12-Säulen-Netzwerk des Weimarer Dreiecks

12-Säulen-Netzwerk des Weimarer Dreiecks

Das 12-Säulen-Netzwerk bildet die strukturelle Grundlage der Zusammenarbeit im Weimarer Dreieck. Es vernetzt Akteurinnen und Akteure aus unterschiedlichen gesellschaftlichen Bereichen und schafft eine gemeinsame Plattform für Austausch, Kooperation und Projektentwicklung. Ziel ist es, vorhandene Kompetenzen sichtbar zu machen, Synergien zu nutzen und eine nachhaltige europäische Netzwerkgesellschaft aufzubauen.

12 Säulen des Weimarer Dreiecks

Die Arbeit des Netzwerks gliedert sich in zwölf zentrale Bereiche des gesellschaftlichen Lebens:  1.  Europa, 2. Nationen, 3. Regionen, 4. Kommunen, 5. Stiftungen, 6. Vereine, 7. Jugend, 8. Initiativen, 9. Wirtschaft, 10. Erinnerung, 11. Wissenschaft, 12. Kunst und Kultur.
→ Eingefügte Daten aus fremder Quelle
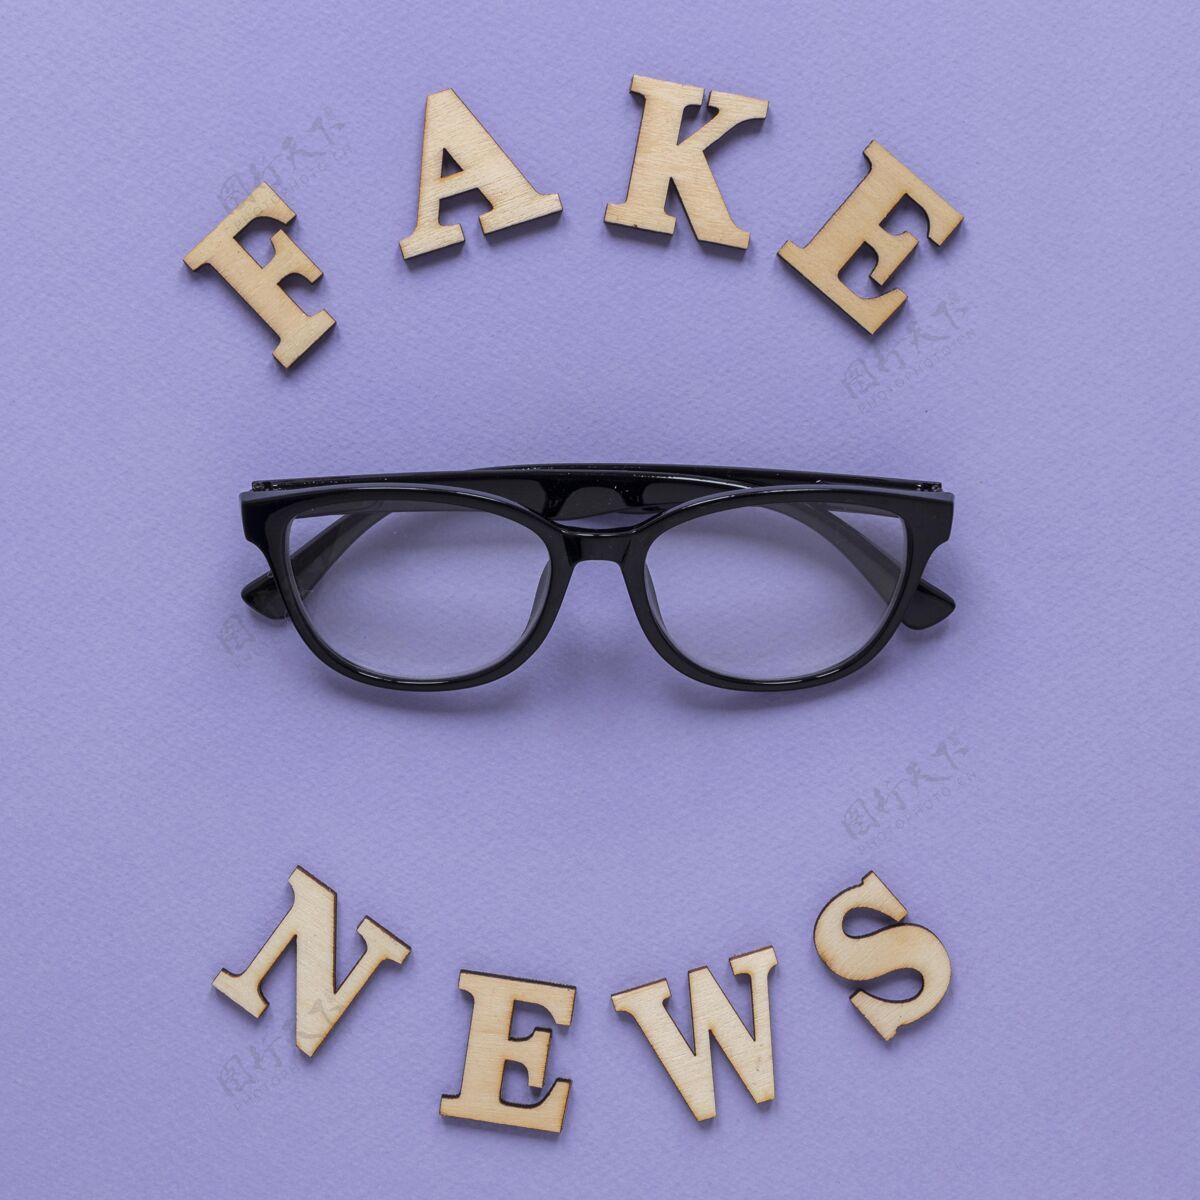 平面布局戴眼镜的假新闻词顶视图信息谎言

Diese Säulen ermöglichen eine thematische Strukturierung und bündeln unterschiedliche Perspektiven und Kompetenzen. Durch ihre Vielfalt entsteht ein sektorübergreifender Ansatz, der sowohl lokale als auch europäische Ebenen miteinander verbindet und die Grundlage für innovative Formen der Zusammenarbeit schafft.

Runder Tisch des Weimarer Dreiecks 

Der Runde Tisch bildet das zentrale Steuerungs- und Austauschformat des Netzwerks. Hier kommen die Vertreterinnen und Vertreter der 12 Säulen regelmäßig zusammen, um Erfahrungen auszutauschen, gemeinsame Strategien zu entwickeln und neue Projekte zu initiieren. Er fördert die Zusammenarbeit zwischen den Bereichen und stärkt die strukturelle Verankerung des Weimarer Dreiecks als Plattform europäischer Kooperation.

Weimarer-Dreieck-Haus 

Das Weimarer-Dreieck-Haus ist als physischer und zugleich symbolischer Ort der Netzwerkgesellschaft konzipiert. Es bietet Raum für Begegnung, Dialog und die gemeinsame Entwicklung von Projekten und Ideen. Gleichzeitig fungiert es als zentraler Ankerpunkt für die institutionelle Weiterentwicklung des Weimarer Dreiecks und macht die europäische Zusammenarbeit sichtbar und erlebbar.